» **Aim of the task**
Exact copies of the lines below, from the one with "I actually come from a long line of barbers." up to and including the one with "Besides Drexel University, Eric", are what this calls for; leave out pictures.

» **Records for the exercise**
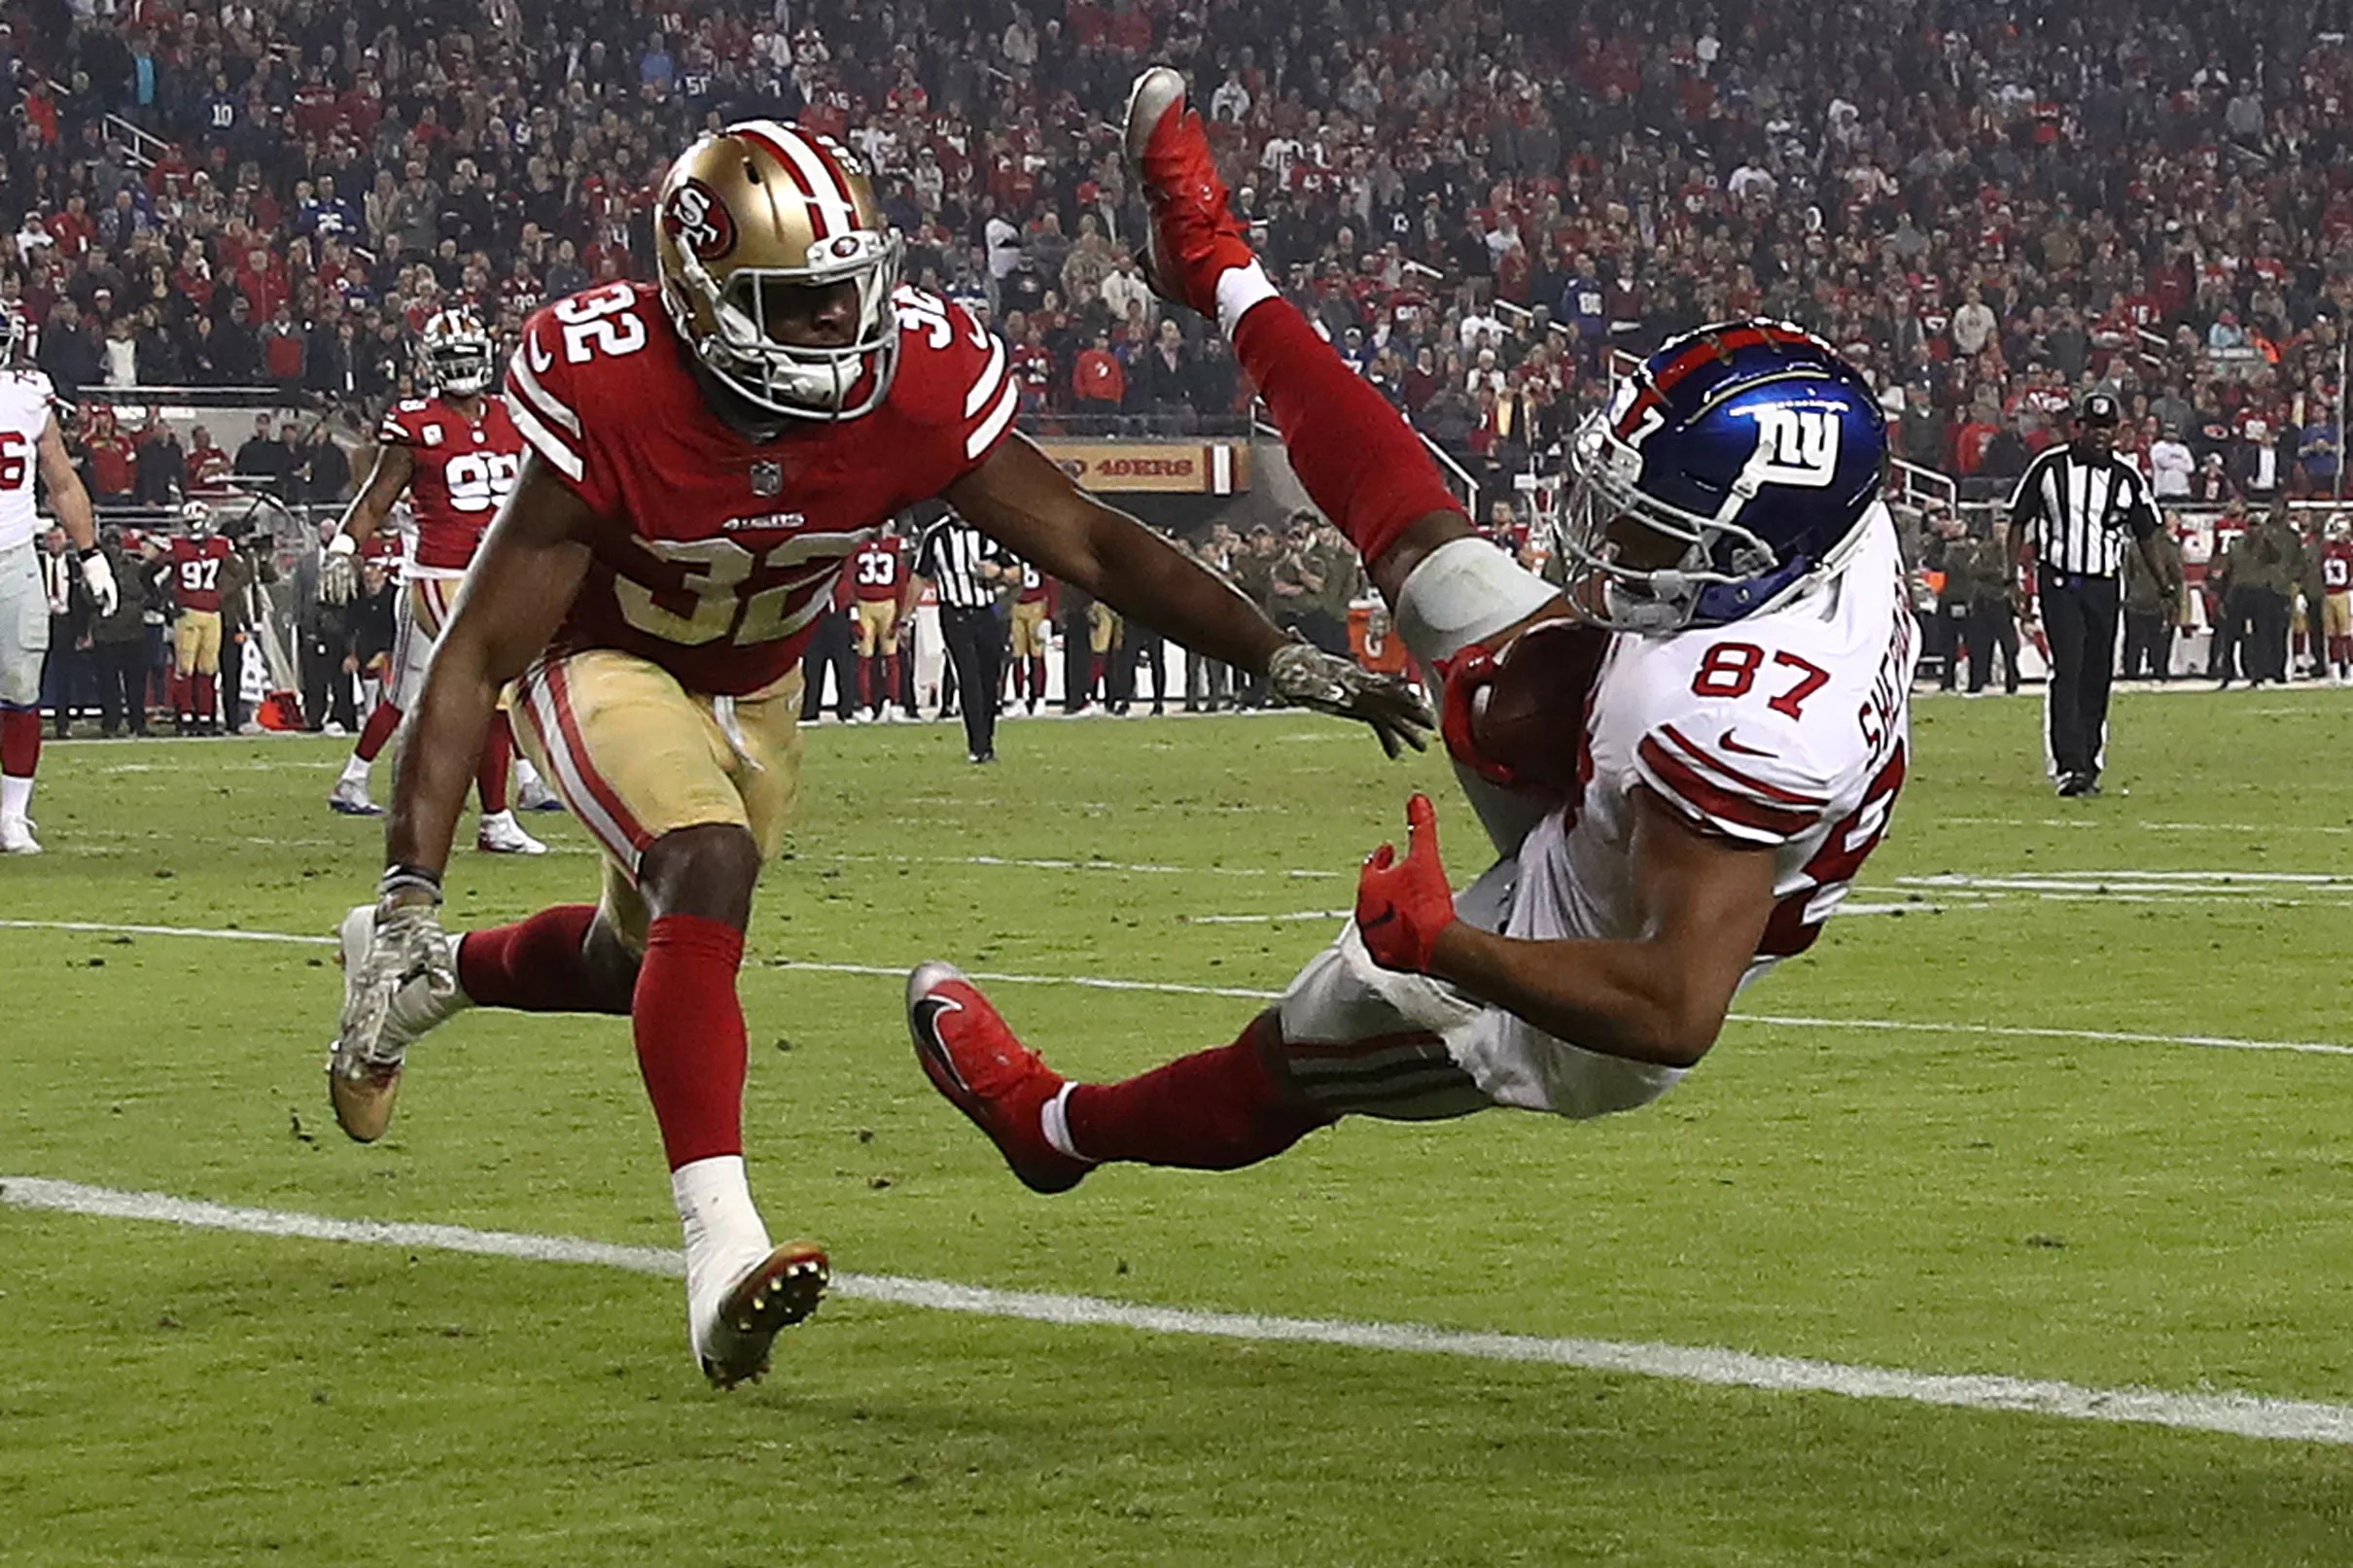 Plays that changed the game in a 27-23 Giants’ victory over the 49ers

--

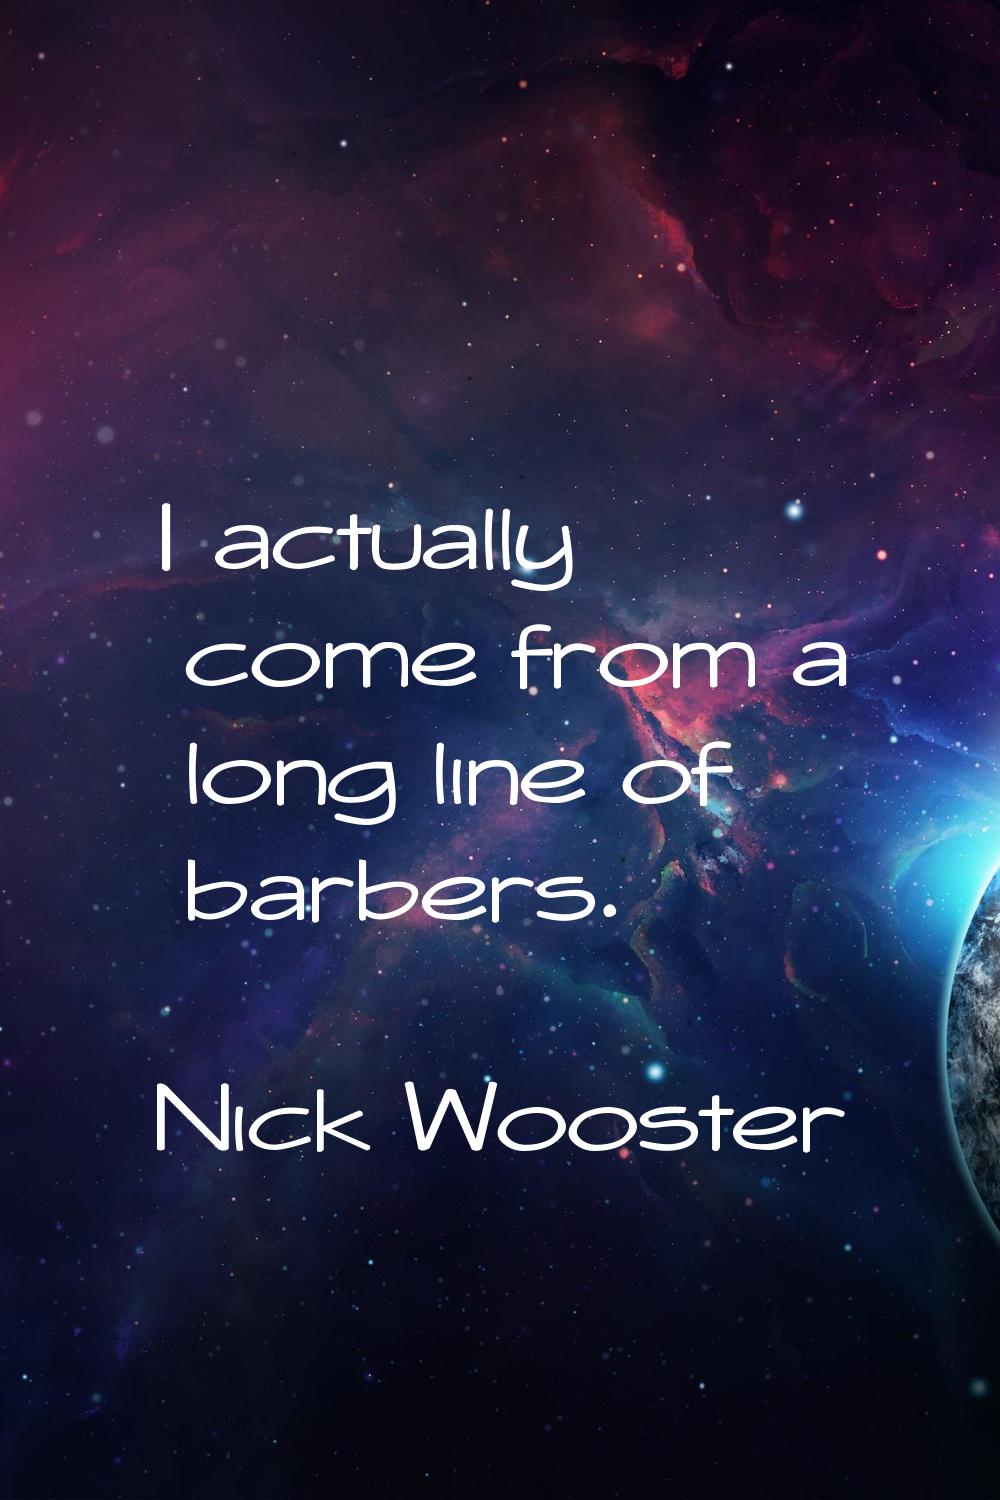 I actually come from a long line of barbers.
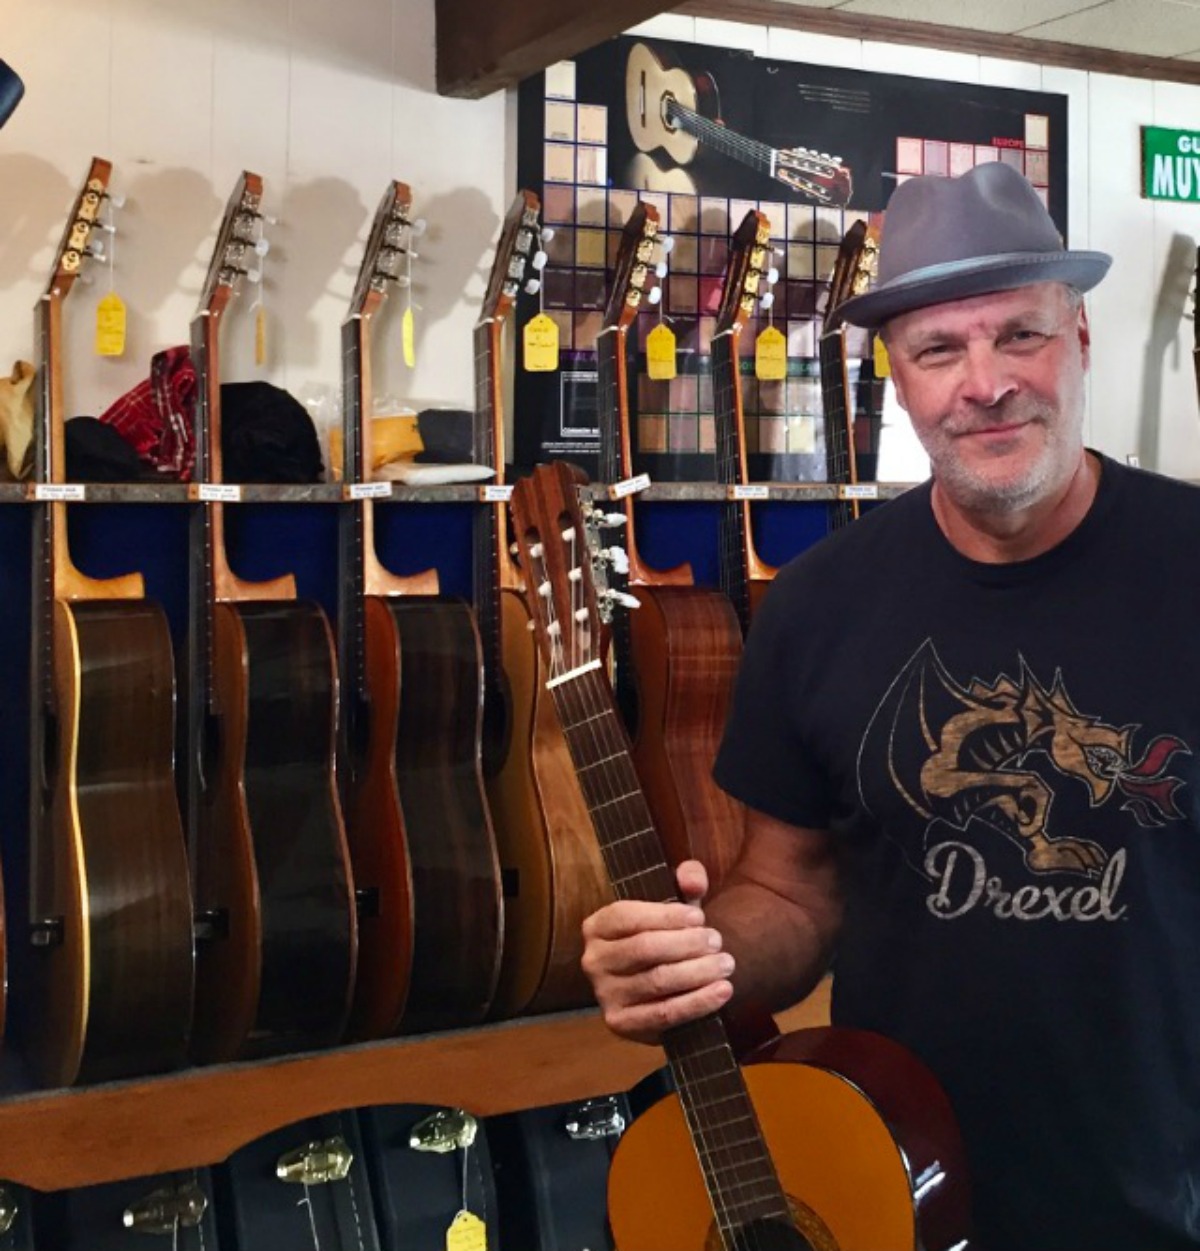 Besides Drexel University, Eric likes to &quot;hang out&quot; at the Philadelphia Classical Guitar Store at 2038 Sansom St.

» **Solution to this exercise**
 I actually come from a long line of barbers.
 Besides Drexel University, Eric likes to &quot;hang out&quot; at the Philadelphia Classical Guitar Store at 2038 Sansom St.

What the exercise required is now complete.